Гельсингфорс! Дыхание войны не коснулось столицы Великого княжества Финляндского… Магазины битком набиты отборными товарами, шумели по вечерам ярко освещенные «Карпаты», где по традиции моряки оставляли свое жалованье, рынки были завалены всяким добром. По чистеньким улицам шлялись разодетые, с пышными муфтами в руках, деловитые красотки, предлагая прохожим офицерам:
– Господин кавторанг, а разве вам не хочется поцеловать меня на сон грядущий?..
Подвластная Российской империи Финляндия не воевала. Финнов не брали на фронт, не облагали их военным налогом. Между тем в стране росло националистическое движение. Отношение же финнов к русским с войною заметно изменилось. На любой вопрос они отделывались кратким «неомюра» («не понимаю», и кончено!). Спиртные напитки были запрещены, но в пивных еще торговали крепким финским «кале», а денатурат шел из-под полы, как и в России. Флот – настороже! – стоял на рейдах Гельсингфорса, до весны закованный в панцирь льда. Всем своим грозным видом русские дредноуты как бы внушали финской столице, что Российская империя не собирается уходить отсюда подобру-поздорову… В морозной дымке рассветов с палуб кораблей виделся уютный город на скалах, золотился купол православного собора, с ранцами за спиной бежали детишки в русские гимназии… Флот линейный – флот чудовищных мастодонтов, способных в жарком дыхании башен оставить от Гельсингфорса пух и перья, прах и пепел!
А на ледовом рейде – своя, особая житуха. Дредноуты напоминают хутора заядлых единоличников, разбросанные подальше один от другого. Сосед, ты не мешай соседу! Для связи между ними протоптаны дороги, укрытые дощатыми настилами с поручнями, между кораблями-хуторами с раннего рассвета бегают заиндевелые лошаденки с санками: когда подвезут дровишки, свежий хлеб, почту, когда навалом тащат подгулявших мичманов с берега. Чтобы сберечь внутри промерзлых громадин тепло, броневые палубы линкоров на время зимы обшиты досками. В командных кубриках топятся печки – и уютно копошится над гаванью дымок. По утрам матросы с гоготом, играя силой, которую девать некуда, покалывают дровишки для камбузов…

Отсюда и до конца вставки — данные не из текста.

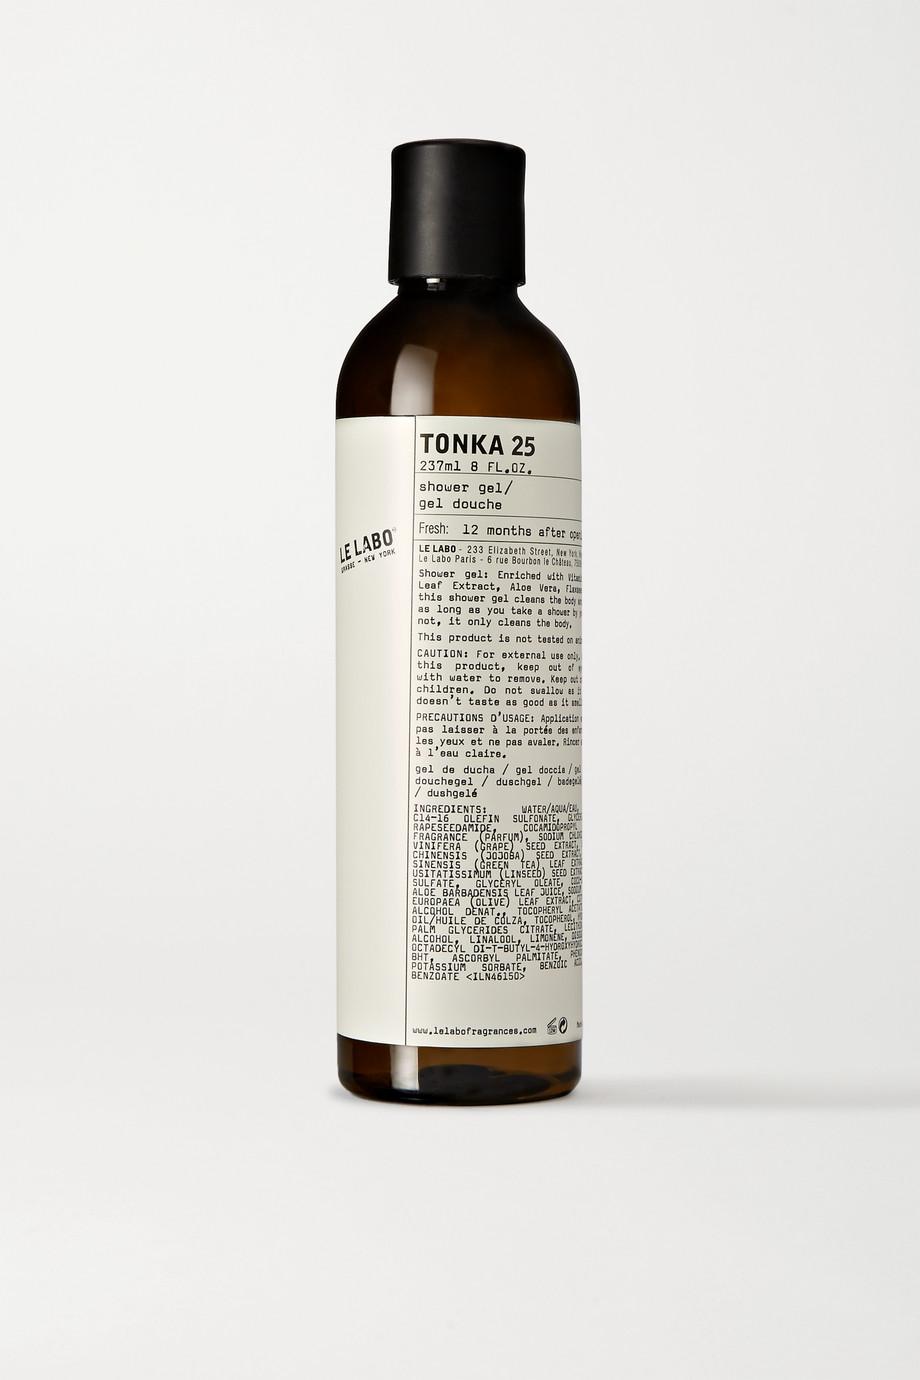 Le Labo Tonka 25 Shower Gel, 237ml

Рай! Ну совсем как в родимой деревеньке.
Несведущего человека, попавшего на рейд Гельсингфорса, поражало обилие катков, окруженных веселыми елочками, воткнутыми в сугробы. Каждый дредноут считал нужным соорудить возле катка здоровенную снежную бабу с большими титьками: бабу любовно окрашивали клюквенным квасом, вместо глаз – две картошины, вместо носа – морковка. По вечерам, когда Гельсингфорс утопал в море огней, ревели над рейдом корабельные оркестры, играя трепетные вальсы и мазурки. Из предместий города – по мосткам – приходили стыдливые барышни, держа под локотками, как бальные туфельки, стальные коньки. В блеске разноцветных фонариков начиналось катание под музыку. Матросам выдавали тогда особые свитеры – из белой шерсти, и какой-нибудь баталер Шурка Сметанин лихо выкручивал фортеля на коньках в паре со смешливою финкою Кайсой…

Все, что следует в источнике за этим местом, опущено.